Perhaps the mainstream media and TPTB are in a cabal together…I am not a parnoid person, but truly the past few years have shaken my faith in the press.

I never had much faith in politicians. :slight_smile:

Uhhh, it wasn’t? What do you suppose started the riots, then?

Once more, with feeling:

The only reason for perpetuating the “Newsweek incited riots” meme is to play up the “evil liberal media conspiracy” bogeyman myth. A story that’s very popular with certain right-wing nutjobs, but without any basis in reality.

Hamid Karzai has also said the riots didn’t start the article. As someone in GD said, how many people in Afghanistan do you think read fucking Newsweek?

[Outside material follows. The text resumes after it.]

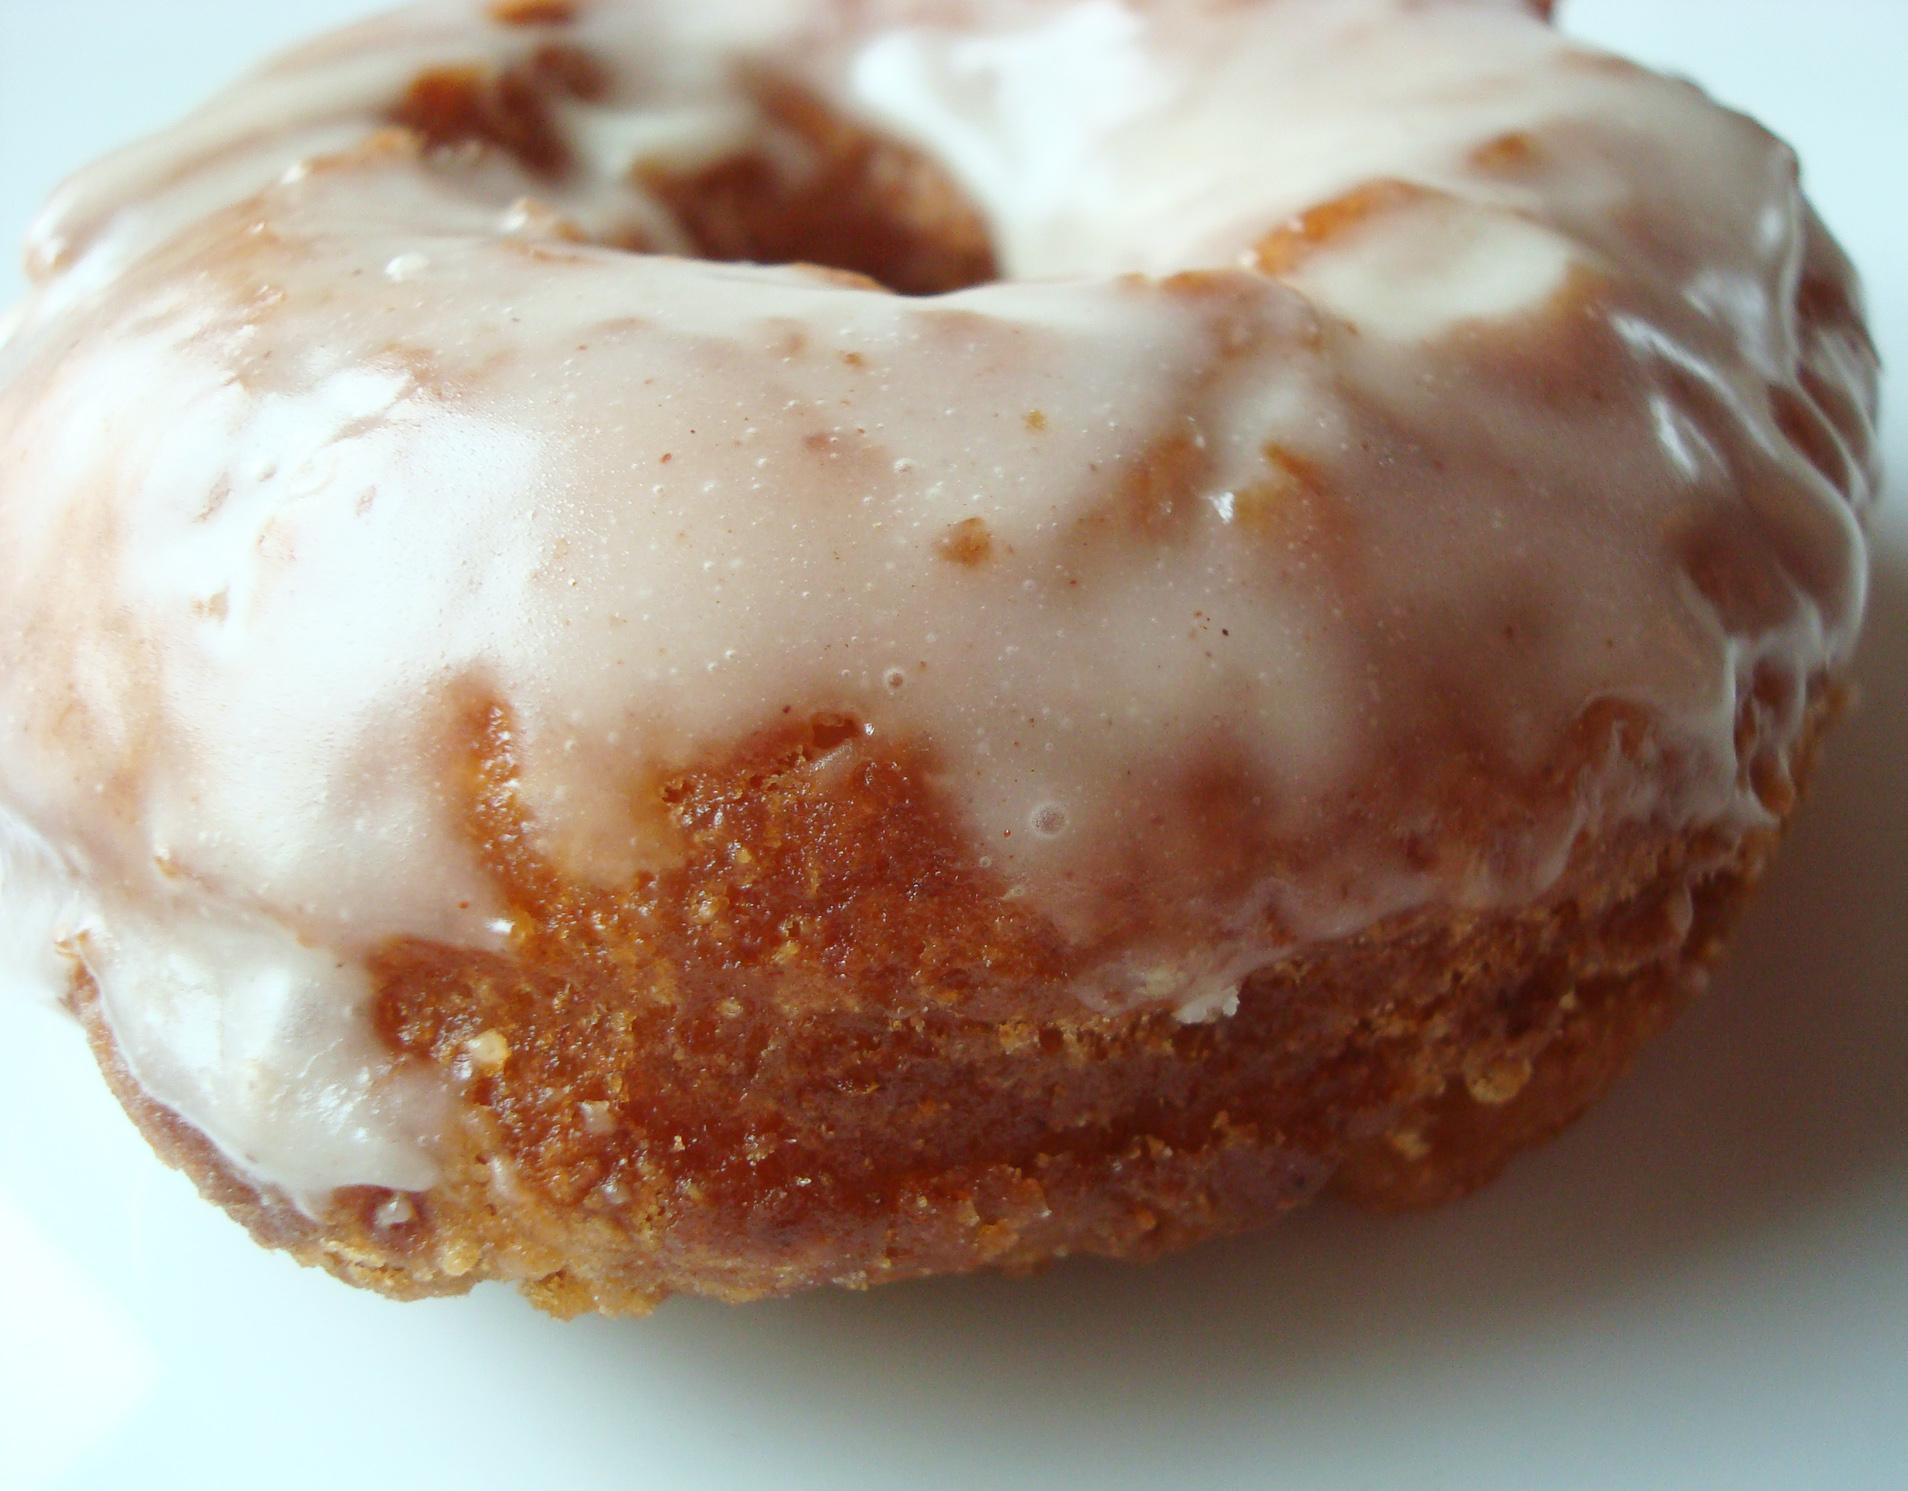 Close Up on Glazed Doughnuts

In addition to that, he said the article didn’t start the riots. :smack:

You exaggerate and over-simplify.

One general believes that the riots were caused mostly by other factors. The catalyst, however, appeared to be the Newsweek story.

According to Newsweek:
" Mobs shouting “Protect our Holy Book!” burned down government buildings and ransacked the offices of relief organizations in several Afghan provinces. The violence cost at least 15 lives, injured scores of people…

The spark was apparently lit at a press conference held on Friday, May 6, by Imran Khan, a Pakistani cricket legend and strident critic of Pakistan President Pervez Musharraf. Brandishing a copy of that week’s NEWSWEEK (dated May 9), Khan read a report that U.S. interrogators at Guantánamo prison had placed the Qur’an on toilet seats and even flushed one. “This is what the U.S. is doing,” exclaimed Khan, “desecrating the Qur’an.” His remarks, as well as the outraged comments of Muslim clerics and Pakistani government officials, were picked up on local radio and played throughout neighboring Afghanistan. Radical Islamic foes of the U.S.-friendly regime of Hamid Karzai quickly exploited local discontent with a poor economy and the continued presence of U.S. forces, and riots began breaking out last week."

Not to put too fine a point on it, but we discussed this in this thread, which rjung participated in.

Considering that reports of US interrogators desecrating the Koran have been floating around the Middle East since mid-2002 (from various sources, up to and including the Red Cross), it’s hard to swallow the idea of the Newsweek article being any sort of surprise revelation or shocking catalyst.

But did they? From what I’ve read, they said they were wrong for running an articles with allegations from a single uncorroberated (and rather shaky) source. They were wrong for not living up to basic journalistic standards and getting corroberation first. They themselves never said they got the facts wrong.

rjung: […] it’s hard to swallow the idea of the Newsweek article being any sort of surprise revelation or shocking catalyst.

As I said in some related thread, though, once I read that Pak cricket god/politician Imran Khan had talked about the article in a press conference, I could easily believe that that gave the story a lot of attention it wouldn’t otherwise have received.

Khan is quite a popular guy. It would be kind of like if Paris Hilton, Oprah, Arnold Schwarzenegger, Jerry Rice, and Barry Bonds* all suddenly started talking about the Downing Street memo: it would get a lot of buzz among many people who might otherwise not notice.

Now, I wouldn’t be at all surprised if the Afghani opposition had actually orchestrated preparations for the protests in advance, and just picked the Newsweek article as a convenient spark to the tinder. But I think it would still be fair to describe the article itself as the, or at least a, “catalyst” (although I don’t think that that implies that the article is responsible for the riots, or that there’s anything wrong with printing such a story if it’s suitably backed up by the facts).

*Did I pick reasonable-sounding sports superstars there? I’m really clueless about pro sports.